Britain already has “the most restrictive trade union laws anywhere in the western world”, as Tony Blair complacently told the Daily Mail in 1997.

If the Tories win in May 2015 the laws will become not just “most restrictive” but crippling, or least crippling for national strikes. The Tories will ban public service strikes unless at least 40% of the workforce vote for the strike in a ballot.

Only 23.5% of the electorate voted Tory in 2010, but they think that’s enough to decide the government!

Wherever a union has less than 40% density, it will become impossible for it to call a lawful strike even if every single union member votes for the strike.

Ballot votes for strikes should follow the same rule as other votes: those who don’t take part aren’t counted. Also, there is hard evidence that postal ballot votes understate support for strikes.

Strike turnouts in the public services are better than ballot turnouts: that is, workers are willing to lose pay to join strikes which they don’t even vote for. Why? They lack confidence, and, tacitly or deliberately, prefer to see whether more confident workmates return a majority for the strike, in which case they’ll join it.

The Tories would count all those workers as anti-strike, even if they’d be willing to lose pay for a strike.

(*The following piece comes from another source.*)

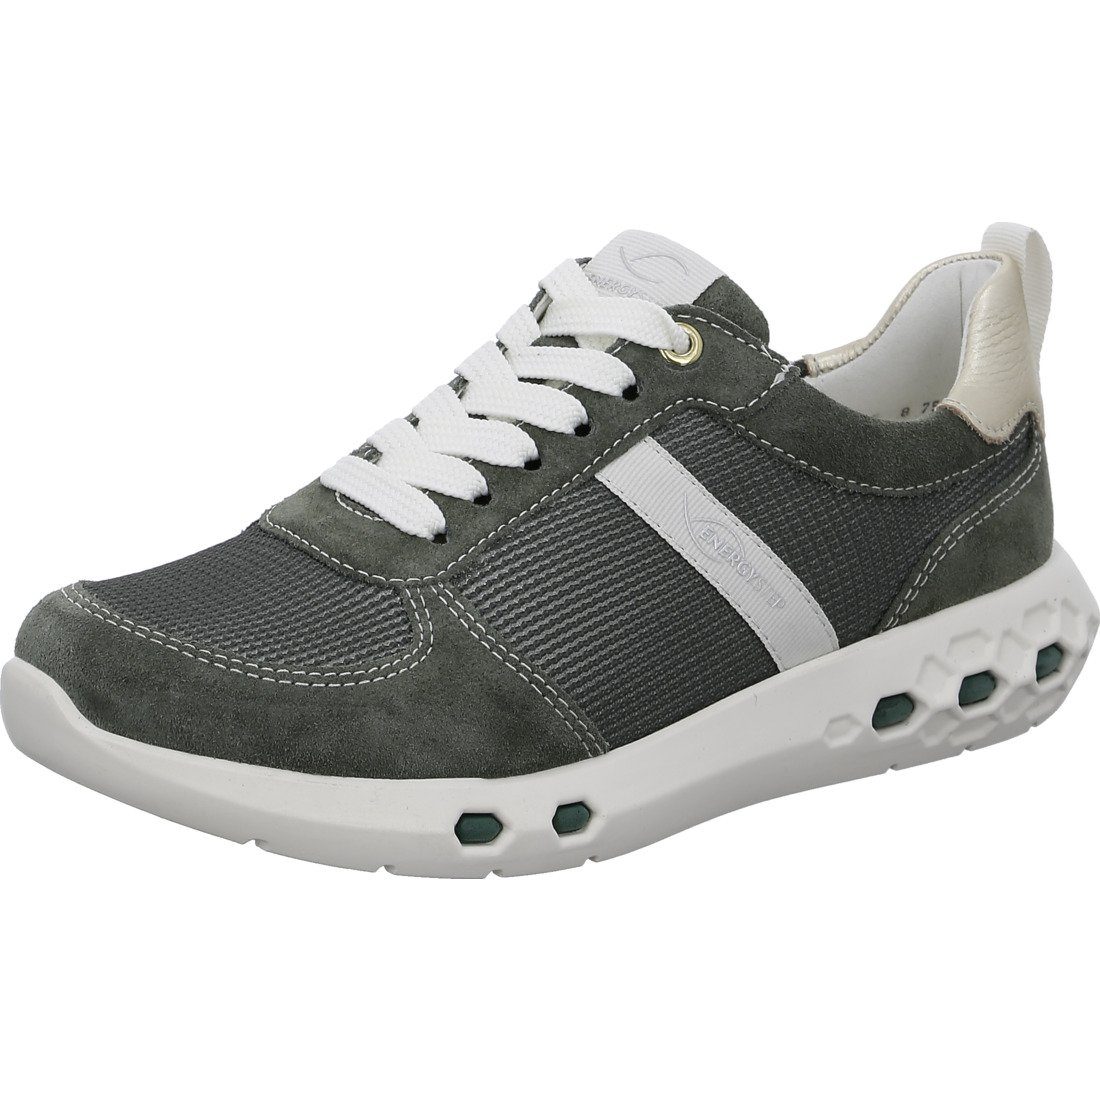 Ara Ara Schuhe, Sneaker Jumper - Materialmix Damen Sneaker grün 047857

Workplace votes, rather than ballot papers sent to home addresses, would get a better turnout in strike votes. But laws made by the Tories in the 1980s already ban that.

The Tories will also, if elected in May 2015, allow bosses to use agency workers to break strikes, repealing laws which ban that strike-breaking.

The Tories have already said that they will ban all strikes where fewer than 50% of union members have voted. They also suggest, now, that they may legislate to compel workers to provide “minimum service levels” even during a lawful strike.

Solidarity supporters will campaign for a Labour victory in May 2015 — and also for the unions to force Labour to repeal the Thatcher anti-union laws of the 1980s, shamefully left in place for 13 years by Blair and Brown.